Jean-Baptiste-Camille Corot (artist)|
French, 1796 - 1875
Beach near Etretat, c. 1872
oil on canvas
overall: 12.3 x 25.5 cm (4 13/16 x 10 1/16 in.) framed: 25.4 x 38.1 x 3.2 cm (10 x 15 x 1 1/4 in.)
Ailsa Mellon Bruce Collection
Object 3 of 7
This painting is an oil sketch. Painted outdoors within a few hours, it was meant to record Corot's direct impression of the landscape. Its long, sweeping brushstrokes capture in shorthand the look and "feel" of light and weather. Such small works, never intended as finished paintings, were part of the normal practice of landscape artists. By referring to them later, a painter could re-create in his more elaborate studio paintings the freshness and immediacy of his initial observation. The outdoor sketch was like notes taken from nature, data to be transformed through the artist's imagination in the studio into finished, salable works.

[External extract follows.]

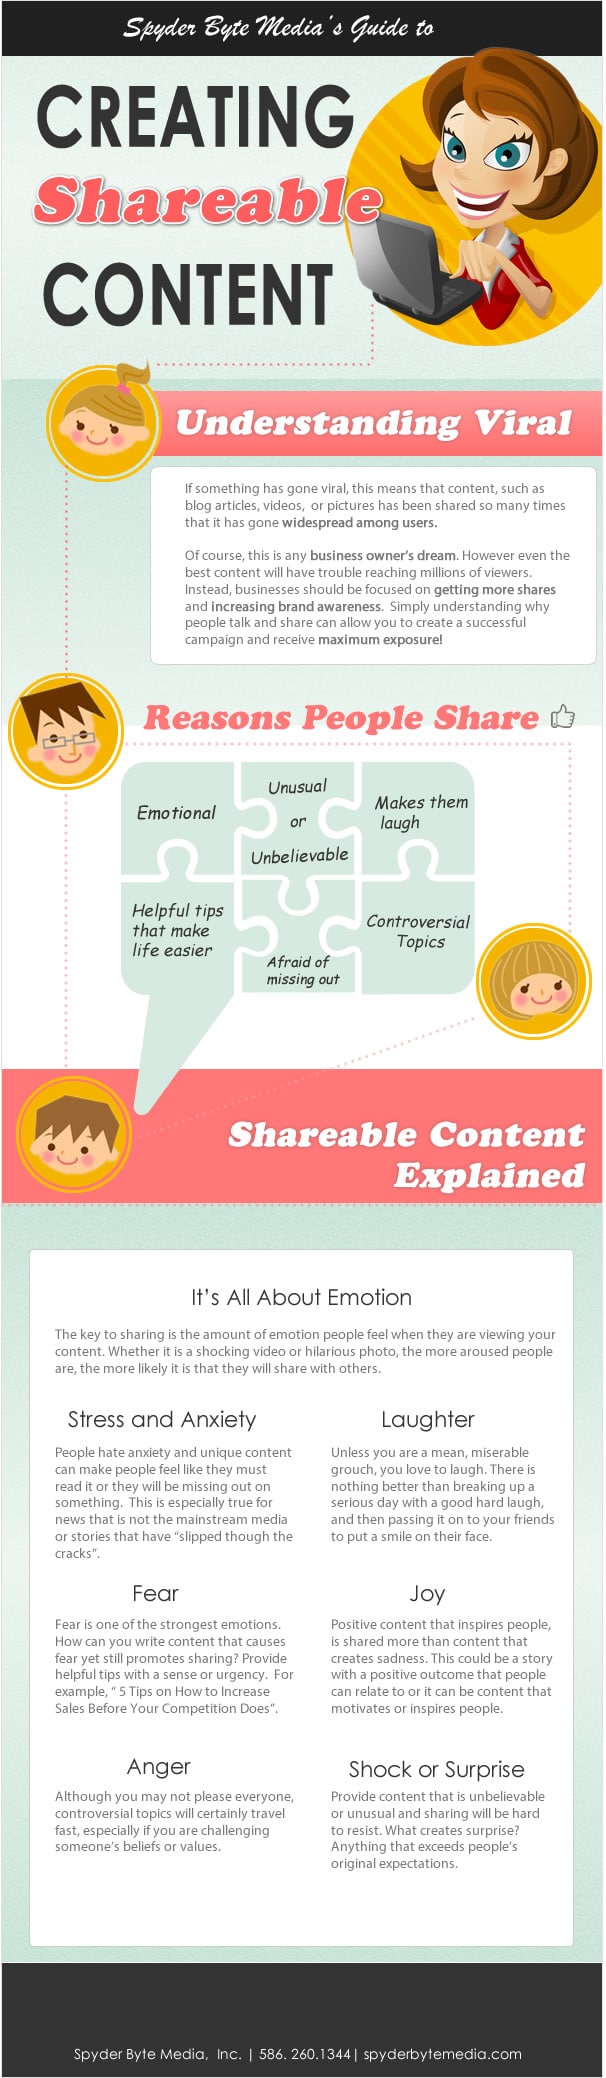 Creating Shareable Content for Maximum Exposure

Corot and fellow landscape artists working in the forest of Fontainebleau were important influences on the impressionists, not only in their commitment to plein-air painting, but also in their adoption of a brighter palette. Corot, using a light-colored ground, suffused his paintings with a silvery light and poetic feel. Pissarro, in particular, identified himself as Corot's student, and in the horizontal layering of his landscapes is a legacy of Corot's classical training and careful compositions.